2022.8.18

渡米してもう2週間が経とうとしている。なにかがたりないと感じていたら、どうも2週間もお酒を飲んでいなかったということに気がついた。仕事終わりにスーパーに行き、ちょっと値段は張るが、美味しそうなブルーチーズとサラミ、そして赤ワインとIPAビールを8缶買った。家に帰り、ささっとジャーマンポテトをつくり、ビールで一杯やる。明日も仕事はあるが、関係ない。やっていければ、なんでもいい。そんなムードだった。しかし、ビール一缶で気持ちよく眠たくなり、少しだけ横になった。そしたら、急に将来のことに不安になった。そういえば、きのう軽く大学院について調べていたが、どこもあまりしっくりこなかった。まずもって、自分のやりたいこと(批評、表象文化論)を大学院で学ぶ必要があるのか、という問いにぶち当たった。そして、海外の大学院を調べるなかで、やはり私は日本語で書くことがしたいのかもしれないことを考えた。海外の大学院に行ったら、日本語で文章を書くことはほぼない。では、日本の大学院なのかといえばそうでもない気もする。

そんなことを迷っていたら、不安が募ってきた。不安という感情はどこから来るかわからないから、それがさらなる不安を呼び起こすのだ。そんな原因がわからない感情と対峙しつづけても意味がないけど、私はこうやっていつも向き合いつづけている。しかし、同時にこうした不安をとりあえずは人にぶつけてみてどうなるのか試している節もあったりする。大学に入りたての友人にとりあえず言ってみたり、同じような境遇にいる人に相談したり、他者ならどうにかしてくれるのではないか、という微かな希望を手綱にしている。当たり前だが、そうやって私は他者とともに生きている。それは他者の決断が自分の決断に–それも十分に–なりうることを示唆している。

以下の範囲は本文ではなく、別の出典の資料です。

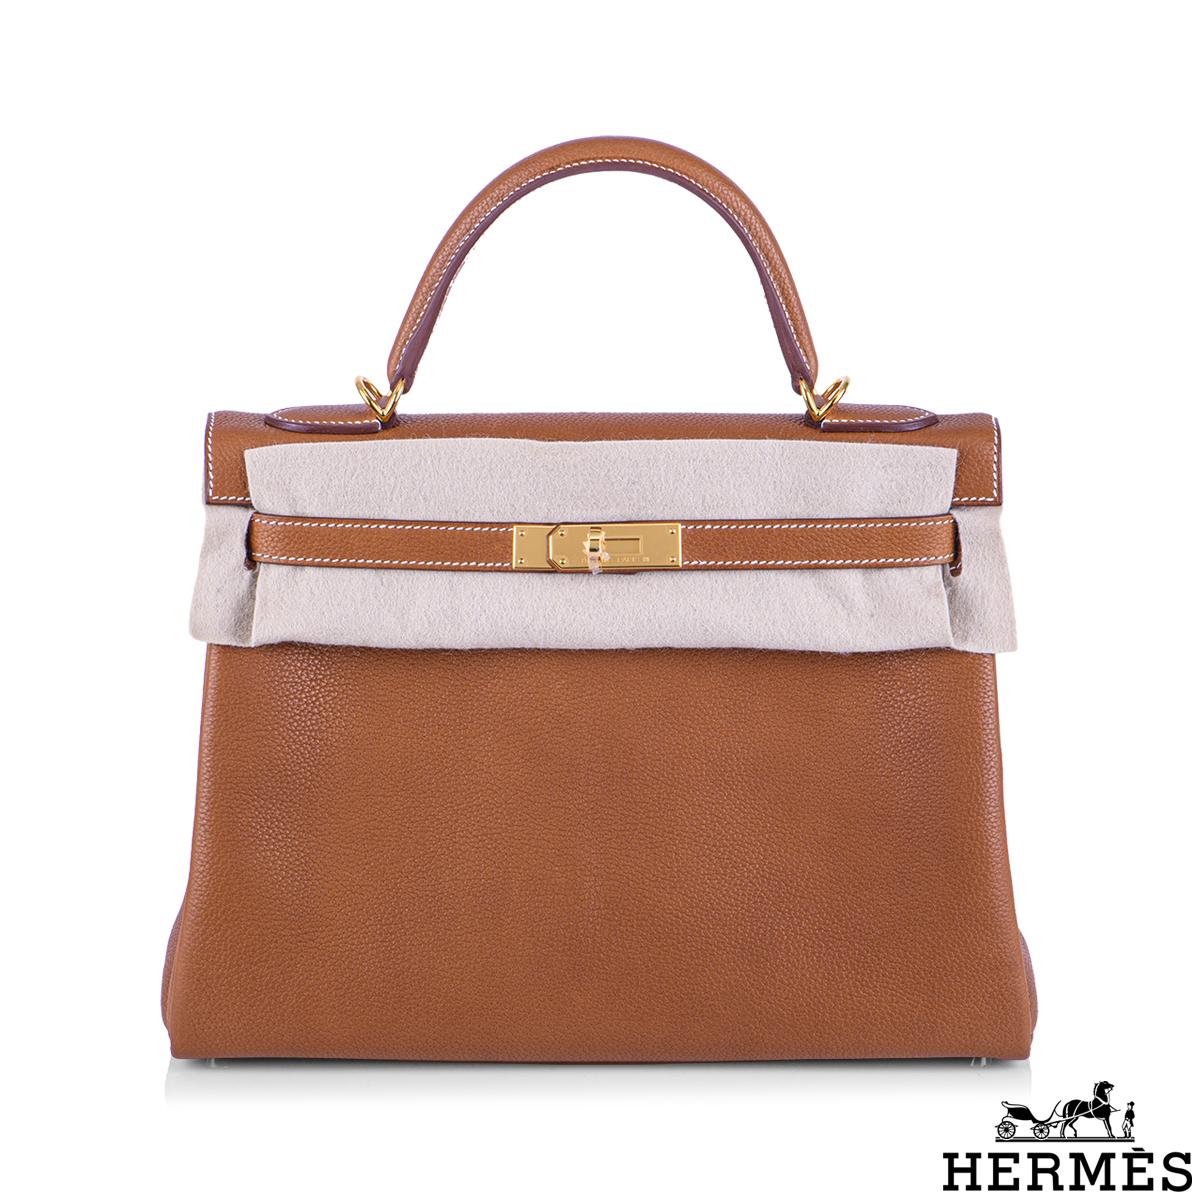 An exquisite and rare Hermés 32cm Kelly bag. The exterior of this Kelly features a Retourne style in rare Fauve Barenia Faubourg  leather. Fauve Barenia Faubourg is a new lightly grained version of the original Barenia leather by Hermés. The leather

私には、他者から影響を受けることを肯定しながら、それでも他者とは同じようなことをしたくないという欲望があるところがあって、それがごちゃ混ぜになって、他者から影響を受けることを肯定することじたいが、他者とは異なることをしている、と認識している。つまり、他者と同じことをしたくないから、他者から影響を受けようとしている、というねじれた、いやこじれた欲望を抱えている部分がある。それはそれで興味深い矛盾なのだが、これがけっこう先言った不安と結びついているのではないかとふんでいる。人とちがうことをしたいという欲望はいつも自分のやっていることの下地にあり、それは予想以上に私に影響をあたえている。批評というものも周りの人を見渡してもやっている人はなかなかいない。でも、批評をやりたいということは他者の欲望なのだとラカンは言っているからそうなのだろうが、そこでも一味変えたいと思うし、それは大学院選びにも直結している気がした。だが、反対に考えば、矛盾があるからこそ、その矛盾している二つの要素を自分の都合がいいように使いわけることもできる。たとえば、大学院に行くという選択は他者からの影響が大きいが、大学院で勉強することは他者とは違うというように。矛盾をただ矛盾と言って非難するのではなく、現実の問題の考え方に使っていく。そういう心構えもたまには必要な息抜きだろう。